4. The number of married couples is—and this is pasted in from the website, the one you read—Research participants were 54 married couples who were given the Dyadic Adjustment Scale (DAS) and the ButterfliesAgain™ compatibility profile. Duration of marriage ranged from 4 to 22 years and age of the participants ranged from 28 to 57.

5. Answered above (3 and 4). I hired an associate and my colleague trained him in recruiting a random sample as per above.

James, I will end with a little story (I love stories!) A lady goes into a butcher shop and is examining a fresh chicken with over-the-top detail.

She is looking into every crevice and crease, only stopping short of taking out a magnifying glass. Finally, the butcher asks her, “Could you pass that kind of examination yourself?”

The moral of this little yarn, at least the one I would like you to get, is that I have been open, my data is open, the test works and so do I.

How ‘bout ending on a positive note? It would be nice of you to find some positive points to make so that your readers have that part of your wisdom to consider as well. There must be something in the many exchanges we've had that you can go positive on!

Warm regards, Joel

(And this time, I will try even harder
to fight the temptation to keep this up!)

Fernando Ardenghi

Great debate Dr.

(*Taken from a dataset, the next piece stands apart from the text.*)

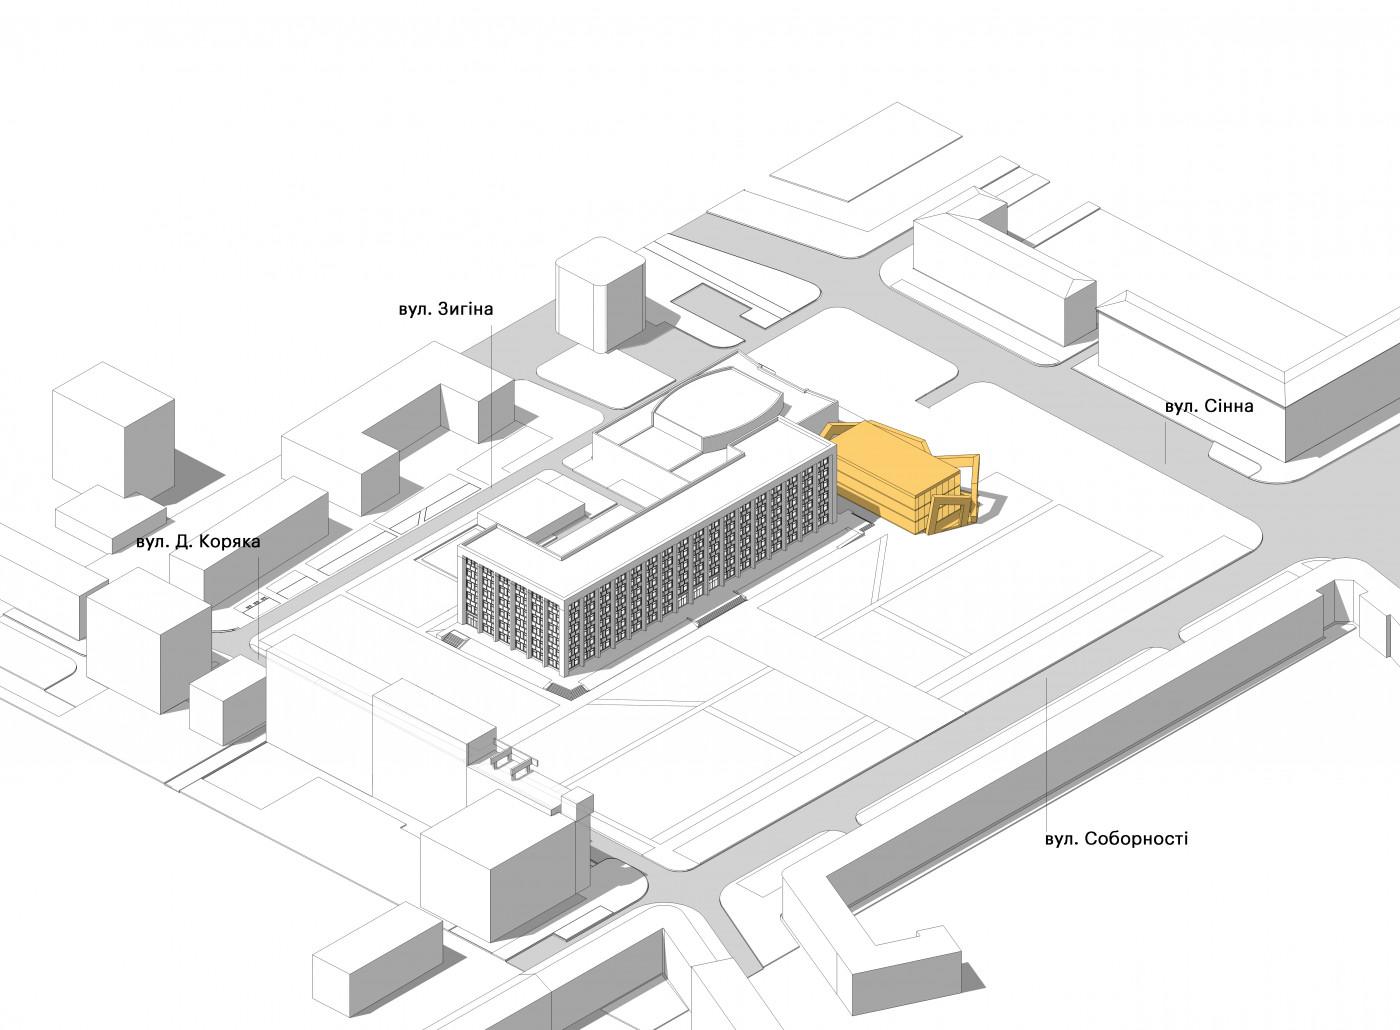 Розташування ЦНАП на ділянці / Poltava regional administration square

Houran!

You are definitely the Researcher the Online Dating Industry needs.

Kindest Regards,

Fernando Ardenghi.
Buenos Aires.
[email protected]

James Houran

Dear Dr. Block,

Thank you for your time. As a clinician working with couples on issues of accommodation and hope, it greatly surprises me that you perceive my questions as "negative" commentary about your website and questionnaire. You invited me to debate you, remember? You said that it inspired you, remember? Well, I do not wish to disappoint. To me, this is all a positive process aimed at informing both consumers and online dating site owners about the merits of your system.

Your system will affect people's lives. It's not a mere academic exercise at some university where the quality of research has no real damaging outcomes per se. Instead, like other services, you portray your service (and perhapos rightly so) as more akin to a "health and human service." This is a more responsible approach to take on the compatibility and matching issue -- and I happen to agree with it. This is why the methods used to develop systems should be top quality.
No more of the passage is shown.